Again, this boils down to how scientists should measure humanity’s influence. Kroodsma says they should look at the slice of the world that’s been appropriated for human consumption. On land, that’s mostly the area grazed by livestock. But in the sea, it’s the area that supports targeted fish, not the area that’s swept by nets and hooks. “You want to know the area the fish are covering not the area the fishing vessels are covering,” he says.

“Even if the actual direct physical impact is closer to 4 percent than 55 percent, the actual impact of fishing on the ecosystem is likely to spread to 55 percent or more of the ocean,” says Rashid Sumaila at the University of British Columbia, who studies the economics of fishing. “Think of this as a bullet. Even though the area that’s directly affected is very small, its impact is felt throughout a person’s body.”

Amoroso and his colleagues get that, but they’re saying you can’t understand those broader effects by simply asking where fishing is happening. Instead, you have to ask different and more refined questions. How much of that fishing is sustainable? Which species are being targeted? How are they faring? Can they bounce back? And there are much better ways of directly answering those questions, from stock counts to ecosystem models, than just looking at the whereabouts of boats. Ultimately, the area that’s fished doesn’t really matter.  

But the way we talk about it does matter, especially in shaping how policy-makers and the general public think about the environment. “When these numbers say that agriculture has a lower footprint than fisheries, consumers might end up thinking that pork or beef is more sustainable than anchovies,” says Amoroso. “But some products that come from the ocean are way more sustainable than the products that come from land.”

On the flipside, claiming that just 4 percent of the ocean is fished could lure people into thinking that fish stocks are in good health, and the seas are largely untouched. That’s clearly not true. Overfishing is rampant, and stopping it has proven to be very hard. Currently, marine protected areas, where fishing is restricted and sometimes completely banned, cover just 7 percent of the world’s oceans, and the goal of extending them to 30 percent by 2030 is seen as an ambitious one. “If only 4 percent of the ocean is fished, you should be able to make 96 percent of it into a marine protected area without anyone complaining,” says Kroodsma. “Good luck with that.”

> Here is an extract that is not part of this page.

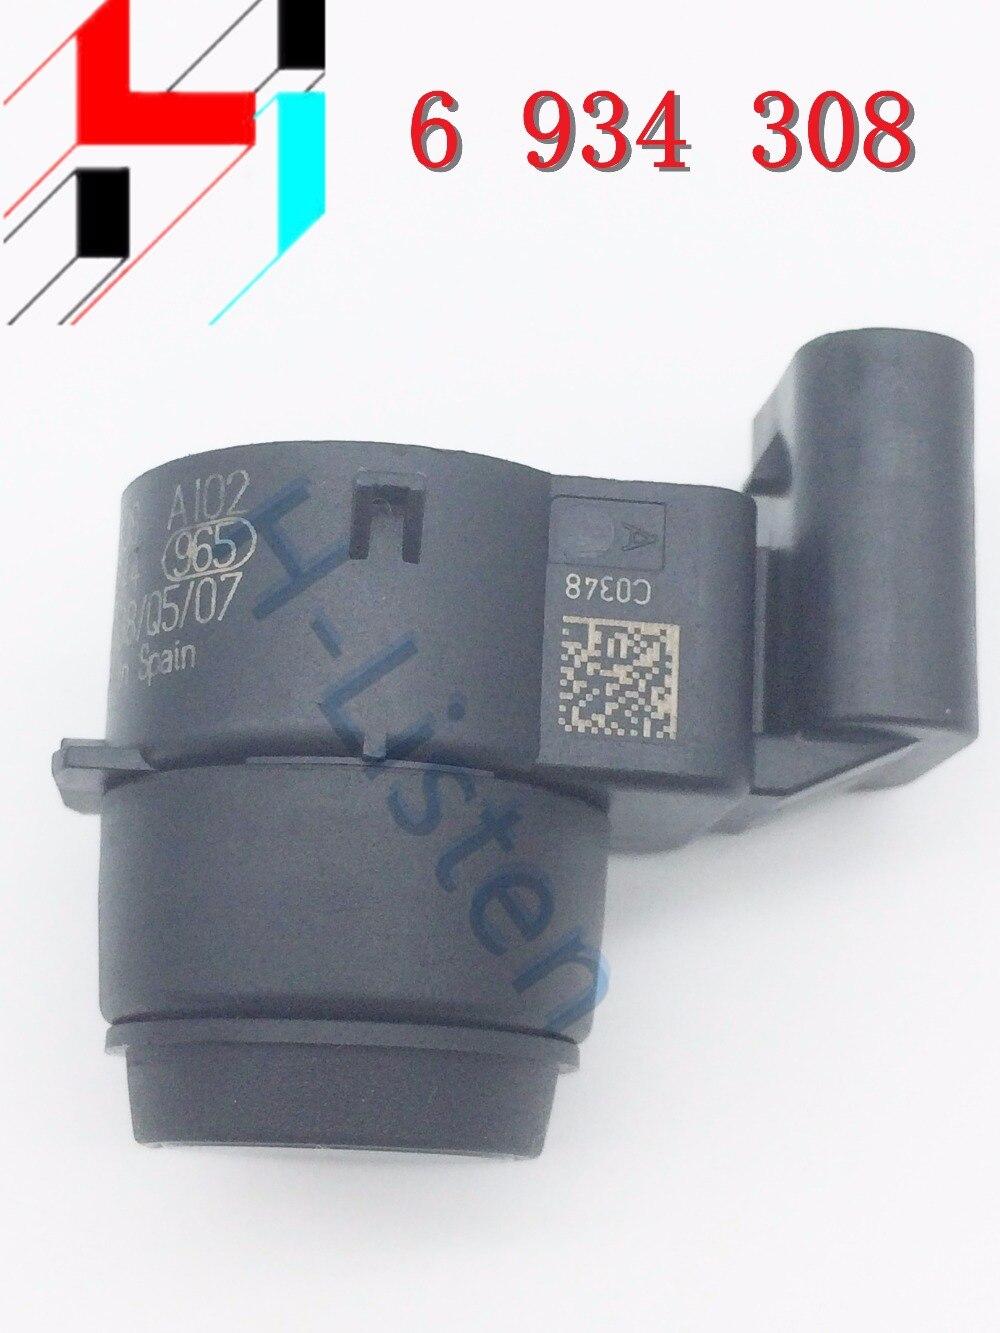 (10 stücke) 66206934308 original auto Parkplatz PDC Sensor 6934308A102 Umkehr Radar Für E84 Z4 E89 R50 R53 R55 R56 R57 6934308
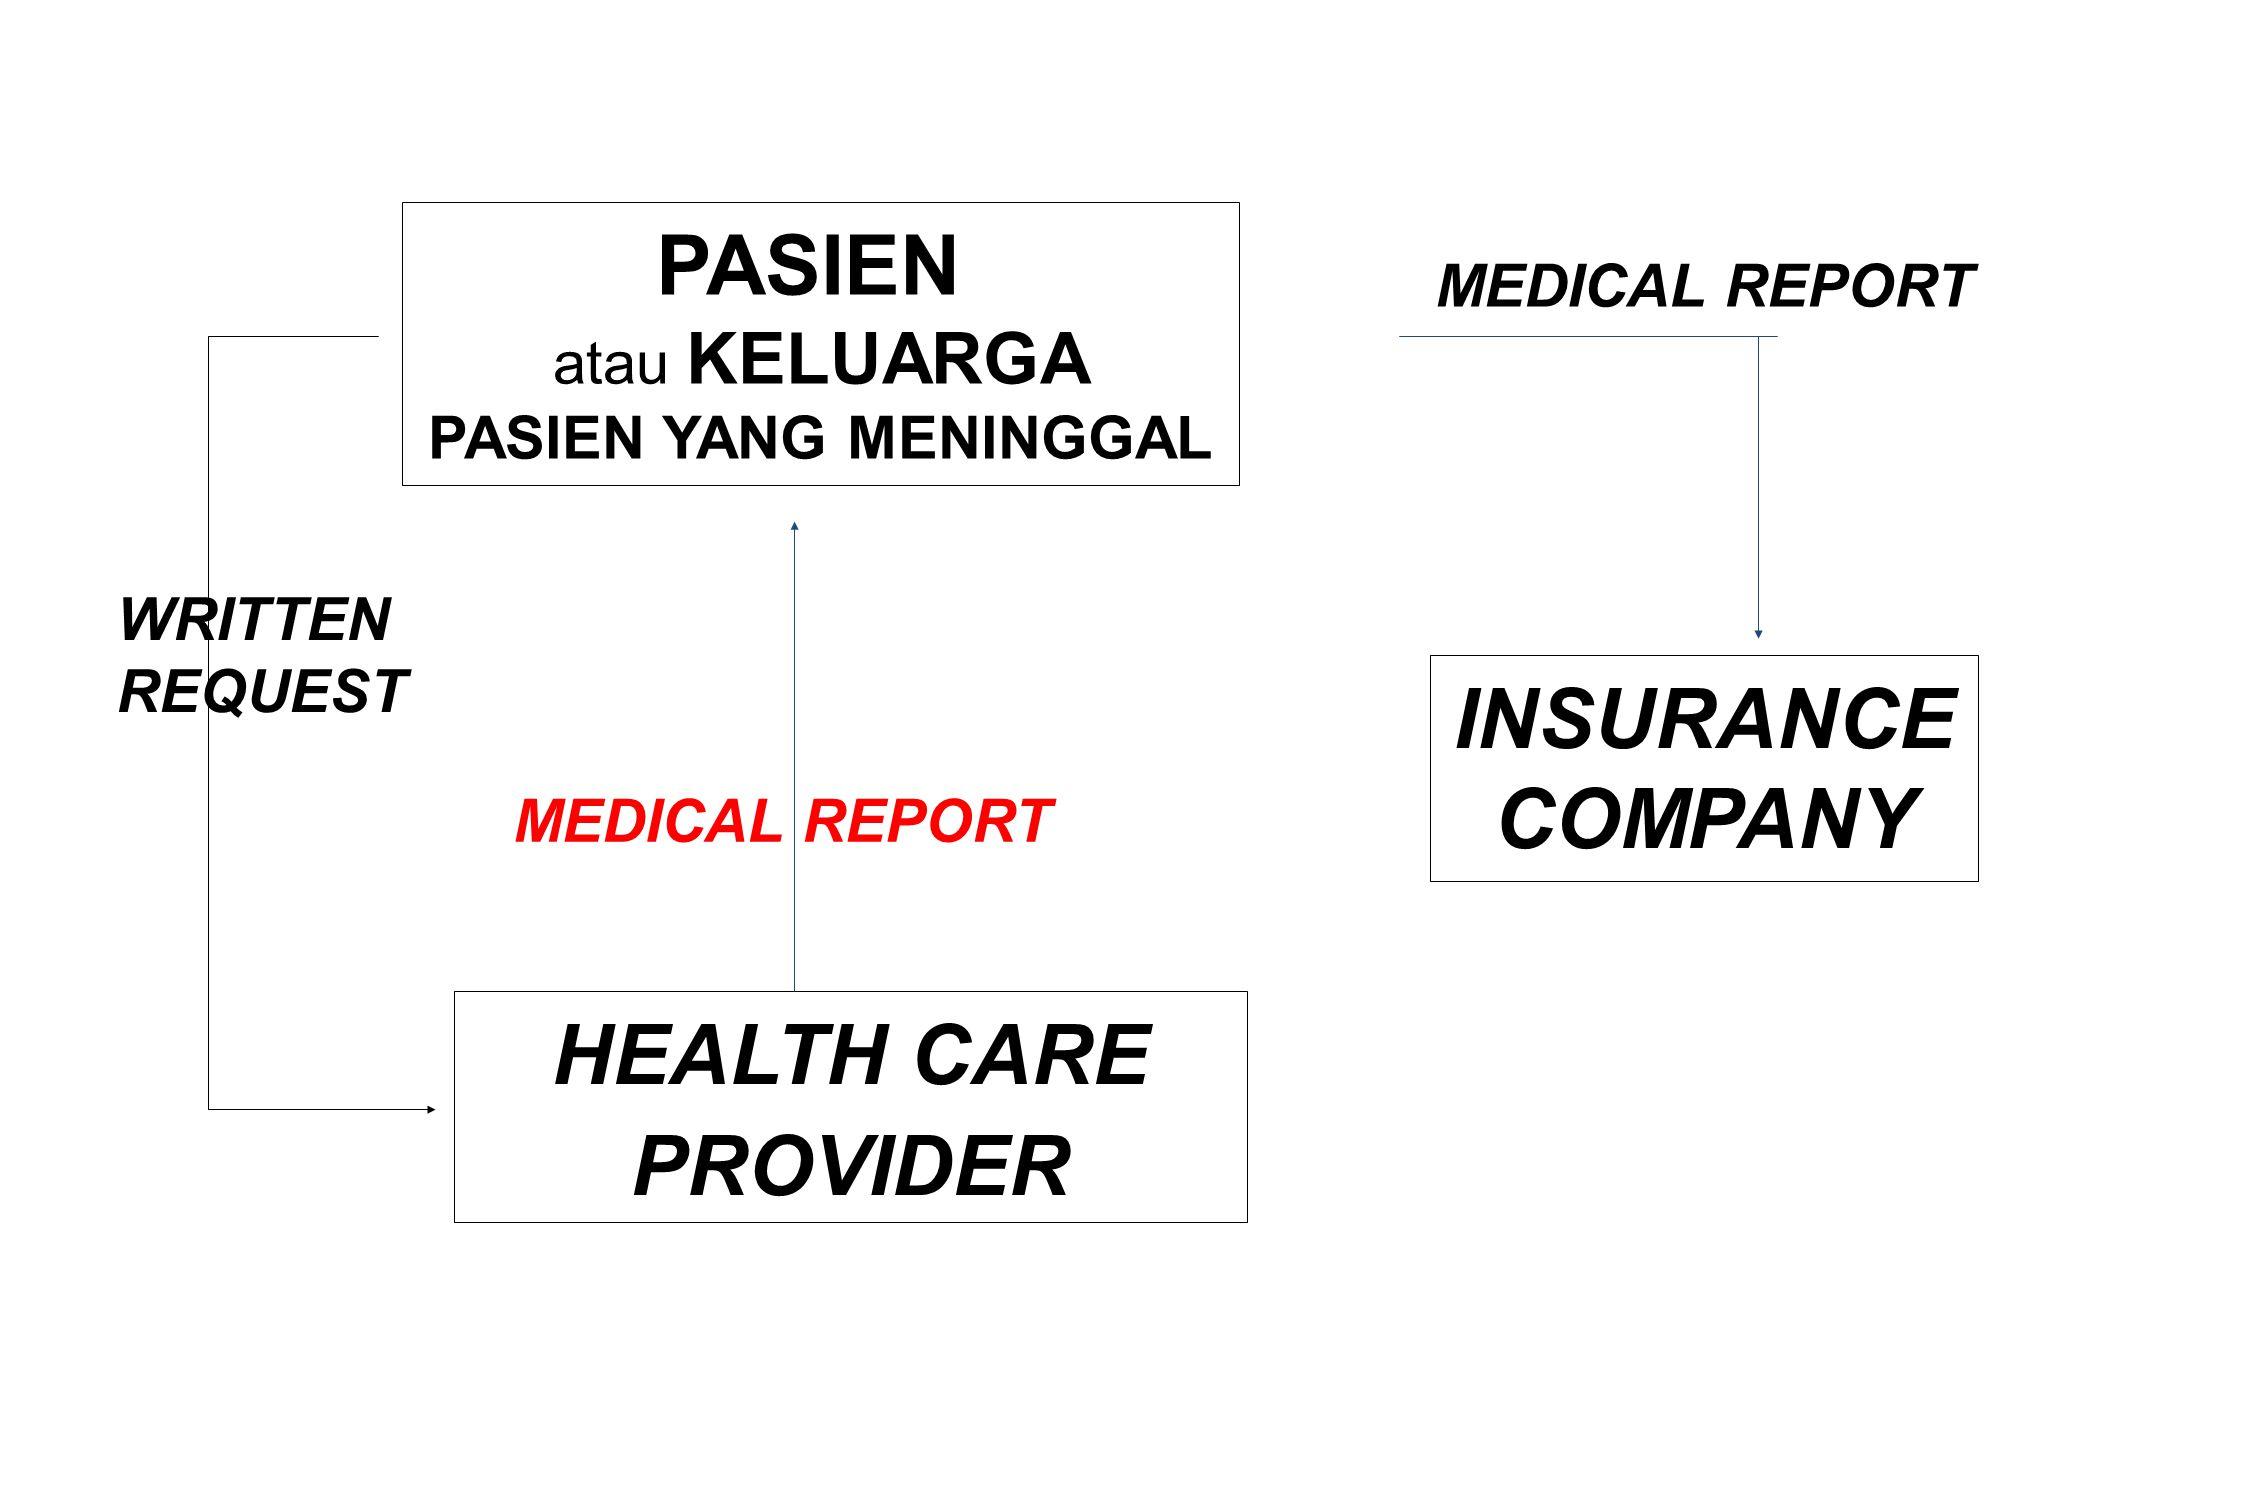 PASIEN atau KELUARGA PASIEN YANG MENINGGAL HEALTH CARE PROVIDER INSURANCE COMPANY MEDICAL REPORT MEDICAL REPORT WRITTEN REQUEST

Still, everyone applauds the data that the Global Fishing Watch has accumulated and freely released. “Their work is great, and having those data publicly available is fantastic,” says Amoroso. Indeed, as recently as fall 2018, researchers have used that data to show that wealthy countries dominate the world of industrial fishing, to identify supply chains where vessels offload catches to each other at sea, and to show that the creation of marine protected areas can lead to a wave of pre-emptive overfishing. The GFW’s partners are also looking at how fishing activity overlaps with shark habitats, how longline fleets affect albatrosses, and more.

“It can revolutionize our understanding of human activity in the world’s oceans,” says Kroodsma.

Ed Yong is a staff writer at The Atlantic, where he covers science.